Task prompt: Output, exactly and with no pictures, the line that contains "Student Internalizing Behavior" and every line that comes after it in the data below, the last one included.

BEGIN Data section

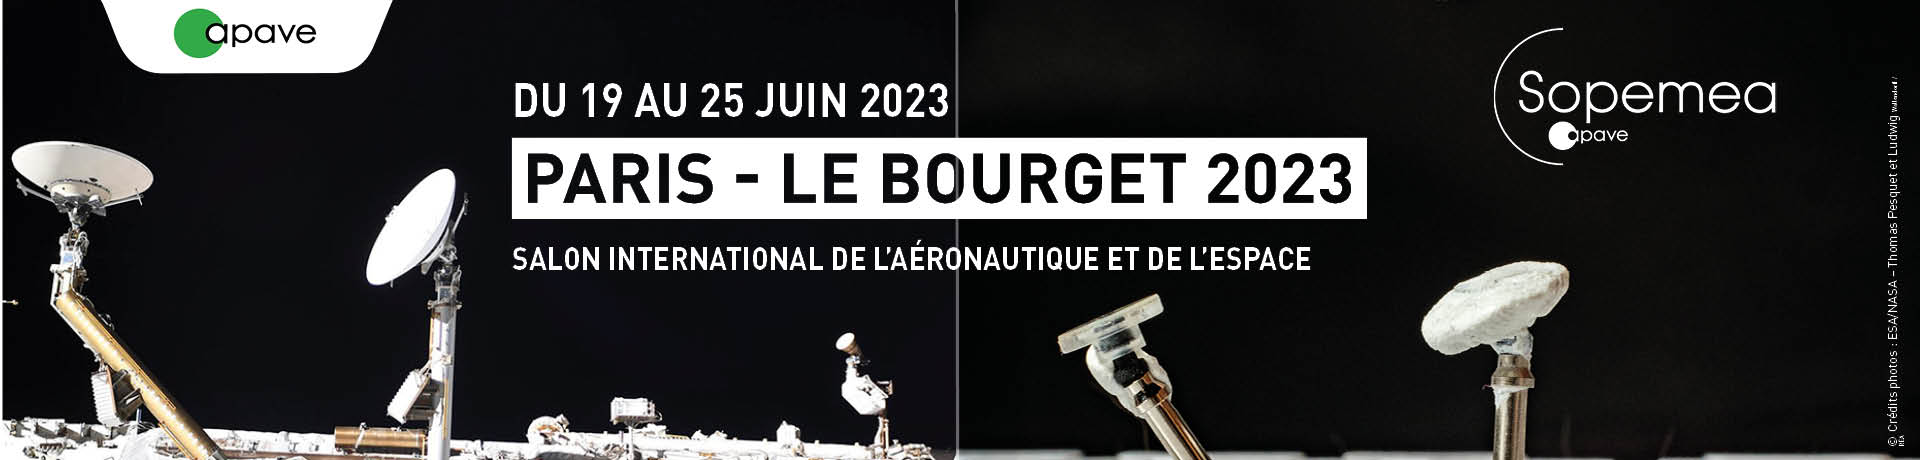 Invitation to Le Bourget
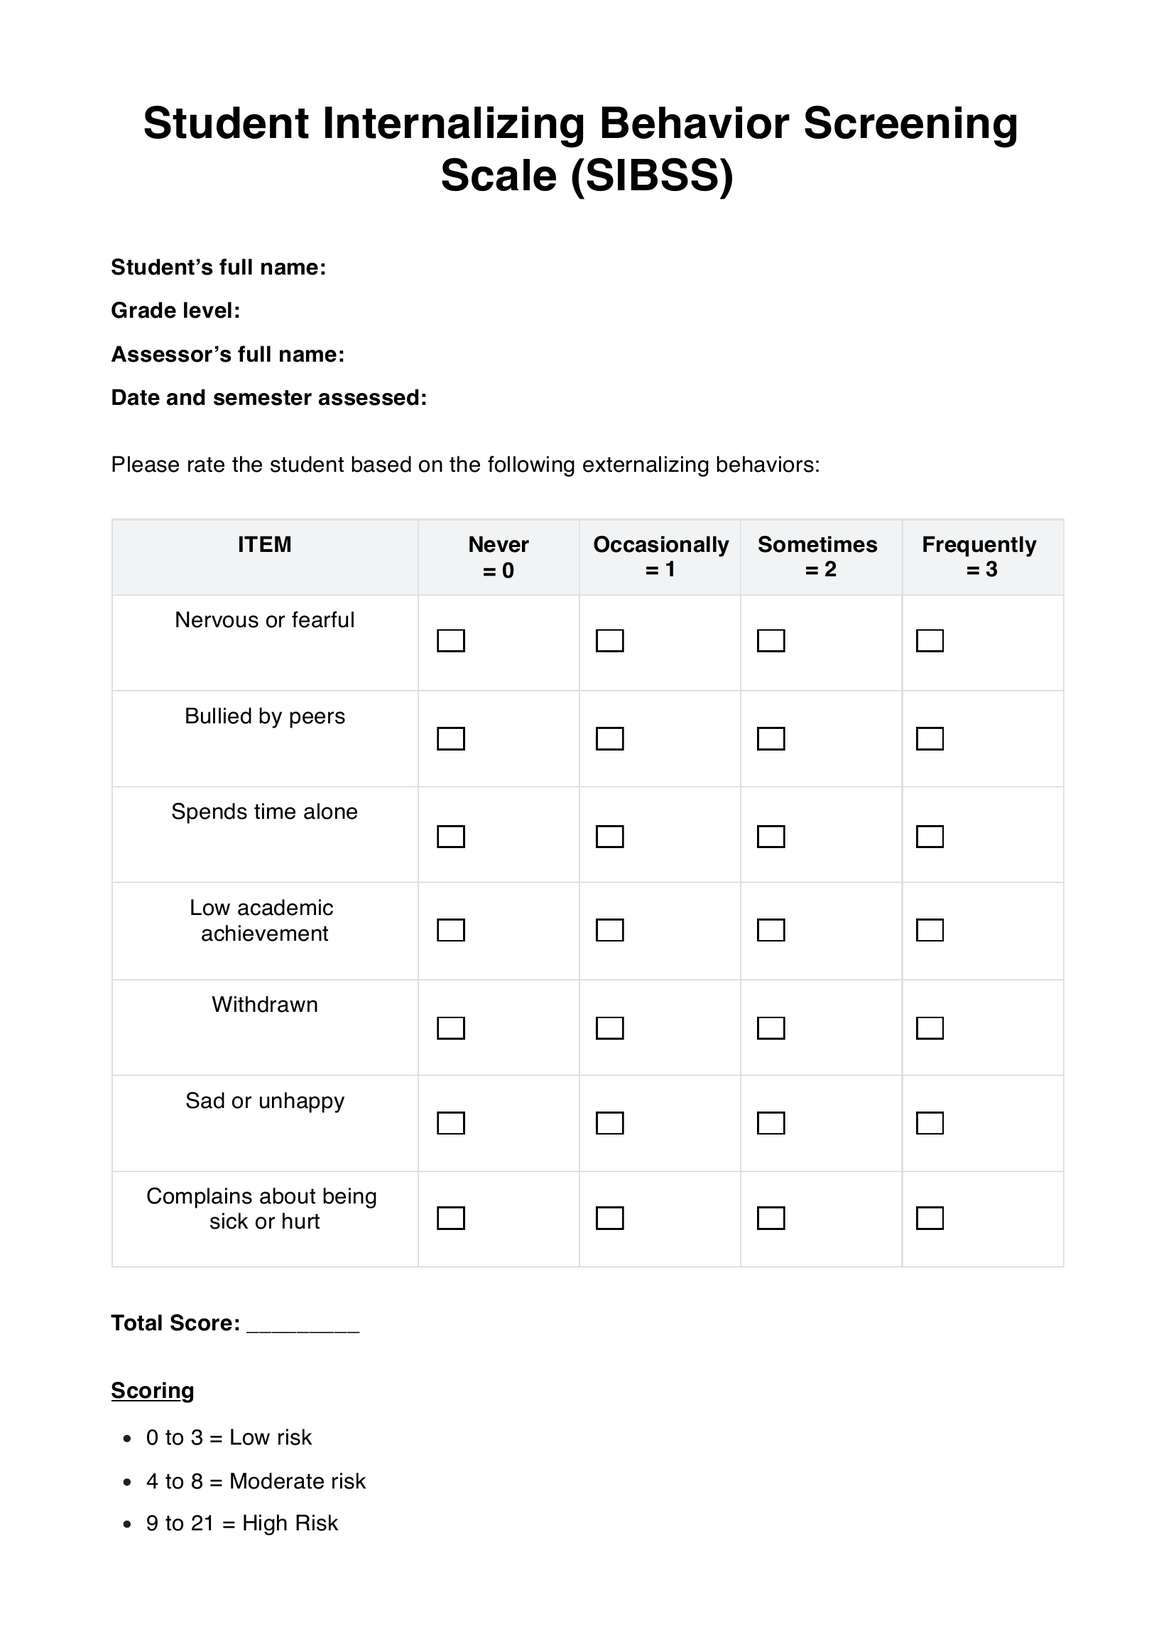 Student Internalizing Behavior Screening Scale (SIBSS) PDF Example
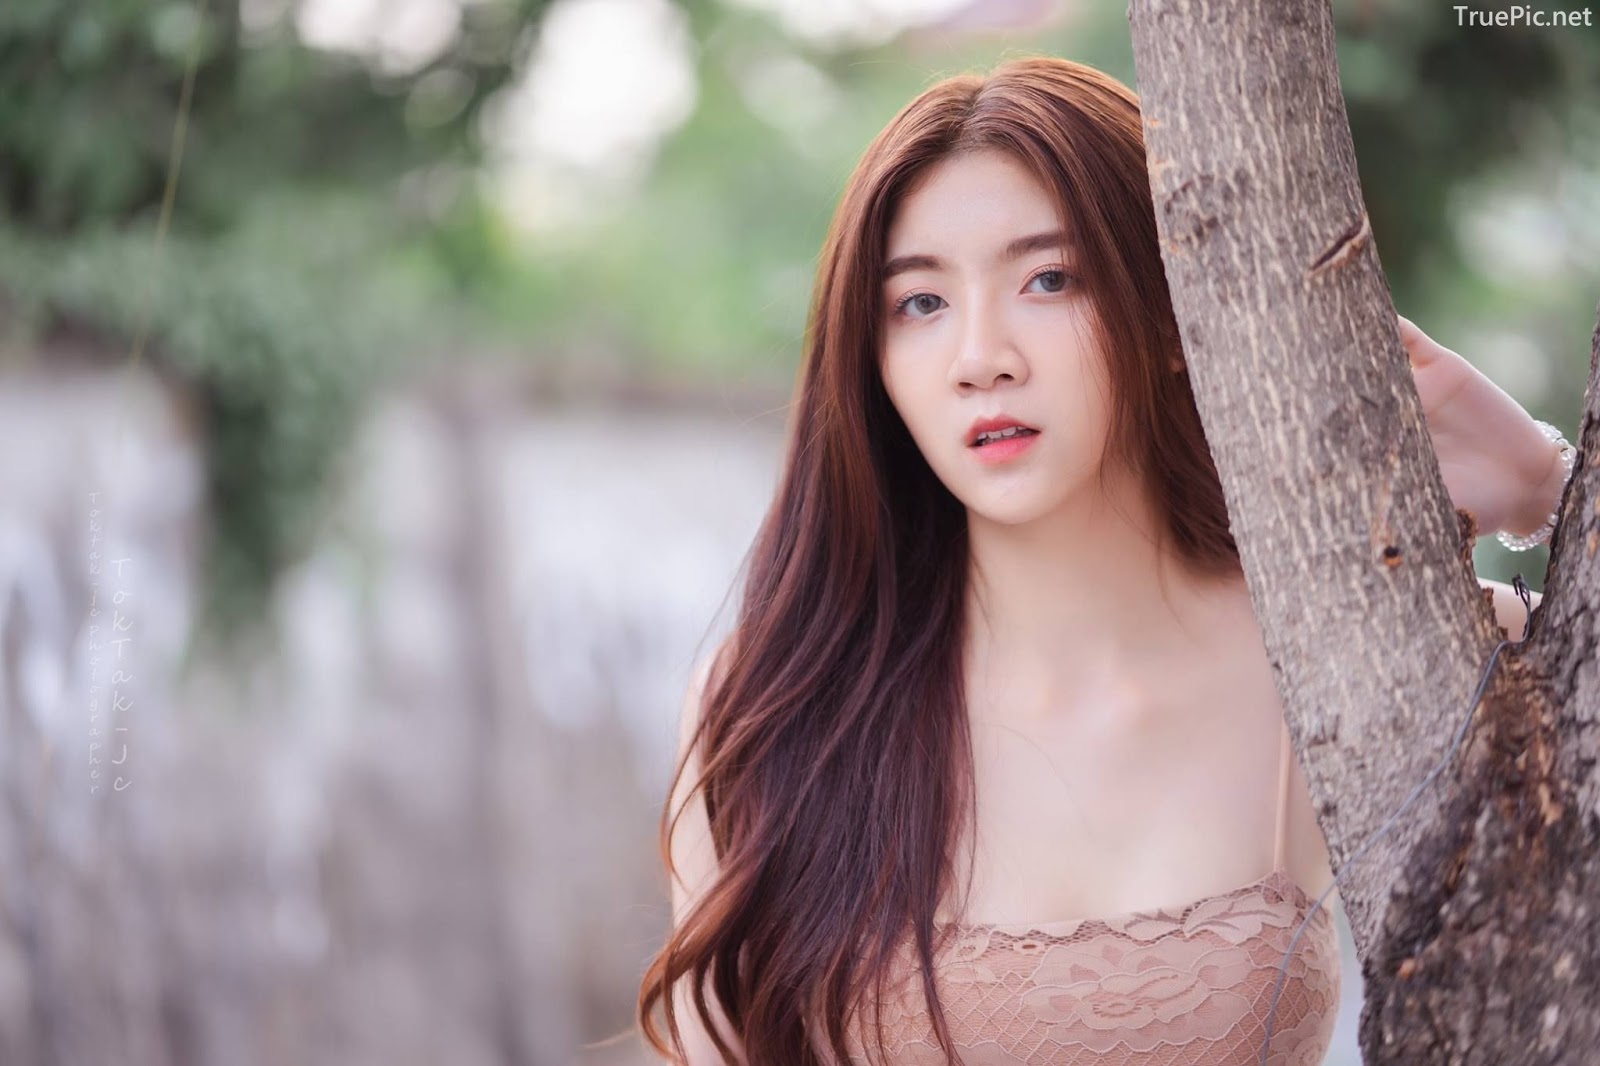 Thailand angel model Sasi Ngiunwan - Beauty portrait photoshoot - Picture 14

END Data section

Solution:
 Student Internalizing Behavior Screening Scale (SIBSS) PDF Example
 Thailand angel model Sasi Ngiunwan - Beauty portrait photoshoot - Picture 14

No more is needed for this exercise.